Tuesday, October 08, 2013

Connected party sales, SIP 13 and naughty IPs

Many of you will have noticed the recent publicity about the closure of 8 companies by the Secretary of State on public interest grounds.  One of these was last year and involved a company that essentially found companies in distress and parachuted in its own directors to guide the company into liquidation, allegedly using a malleable IP to smooth the process and allow the old directors to buy back the remaining assets without too much due diligence.  More recently, a group of companies connected to a man with a colourful history in the profession has been using marketing techniques that involved criticising the profession and suggesting the directors were better using them and “their” panel of IPs to restructure via a pre-pack administration.  Early examples of this that we saw involved companies moving from CVA to administration without giving notice to the unsuspecting supervisor. Call us naive, but we did not realise that the IPs involved were paying to receive the group’s referrals, as indicated in the Insolvency Service’s press release.  As many as six IPs may be facing regulatory attention.  We wonder whether the solicitors that acted in the appointments will be allowed to get off without scrutiny, but that is not what this article is about. 
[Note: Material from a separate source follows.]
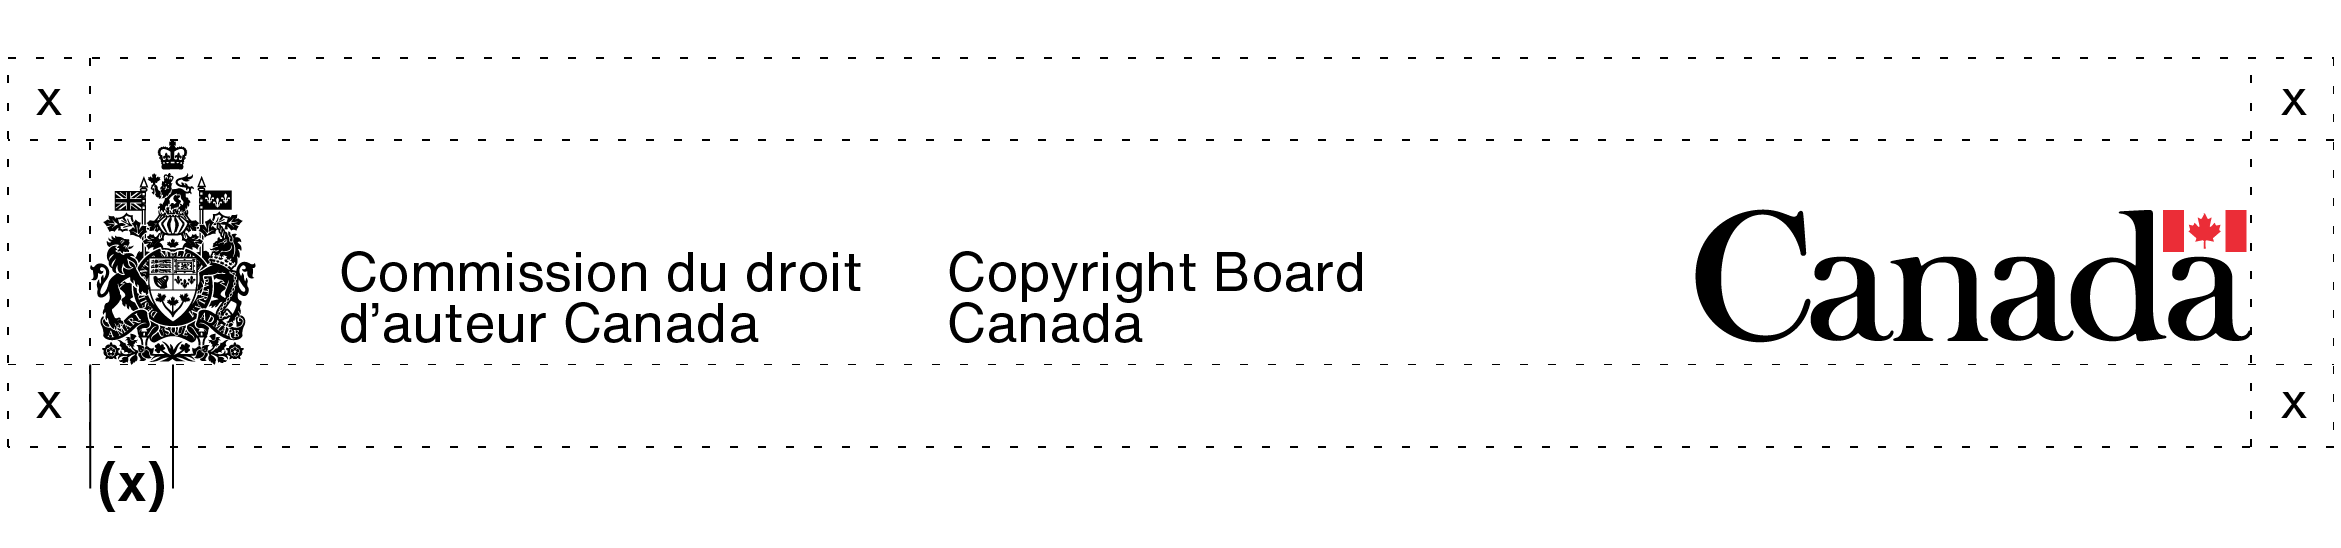 L’espace libre autour de la signature avec armoiries de la Commission du droit d’auteur Canada et du mot-symbole « Canada ». Cet espace libre à laisser est expliqué dans le texte ci-dessus.

The common theme between these two operations is that the directors were given the impression that they were entitled to the remaining assets and that any proposed sale was a “done deal” at their price, with little or no check on asset values or marketing outside the connected parties.

As a result of all of the above attention, there is considerable regulatory concern that IPs should not be seen to be selling assets to connected parties without checking that they are getting the best deal possible with appropriate valuations and marketing.  We are already aware that one regulator intends to collect details of a sample of connected party sales conducted by its practitioners.  They will be asking for details of the number of cases, the referral sources, the assets sold, the value obtained, the valuer used and the IP’s fees, and they will analyse them to see if there is a correlation.  Any IP doing all of his connected sales through a single referral source for pretty much the same value, agreed by the same valuer and correlating closely to his fees, can expect to be asked more questions and possibly face a targeted visit.

Underpinning all of this is a requirement in SIP 13, which is old and on the table for revision, but currently says, at paragraph 5.2, “…unless sale by auction is the chosen means of disposal, [the IP should] take steps to advertise assets for sale or circularise (for example, by use of mailing lists) known prospective interested parties.” Even when the SIP is revised, it is likely to require the sort of valuation and marketing principles required under SIP 16.

So, to avoid attracting a lot of regulatory attention, you should identify any potential connected party sales at an early stage and ensure that you comply fully with SIP 13.  Make sure that any meeting or engagement terms clearly set out that there is no certainty that the assets will be sold to the connected party and that you must conduct appropriate valuations and marketing.  Ensure that any valuation is a genuine valuation of inventoried assets by an appropriate agent, not just a rushed desktop approval of the connected parties offer by the same valuer every time.  Take reasonable steps to market the assets, using your agents’ contact lists or one of the online auction sites to gauge any interest in the assets outside the connected parties.  Finally, record the steps that you have taken and confirm that you are happy that you have done everything reasonable before you agree any sale, making as much disclosure as you can, say in the S98 meeting notices or at the meeting itself, so that you can show that you have been completely transparent in your dealings.

Marketing should be done as a matter of routine, as without testing the market you cannot tell if you have achieved the best price for the business or assets.  If, however as an exceptional matter, you decide that marketing is not appropriate in the circumstances of the case, then to protect yourself you should both file note the reasons for that decision and make disclosure to the creditors.

Unfortunately, the inappropriate behaviour of a few individuals has again tarnished the reputation of the whole profession, but I take comfort that despite the delay, the companies have now been wound up and the culprits are on the way to being dealt with.  We don’t blame the regulators for looking more closely at this area in the light of those cases and we can only appeal to you to give SIP 13 your special attention while the focus is on connected party transactions.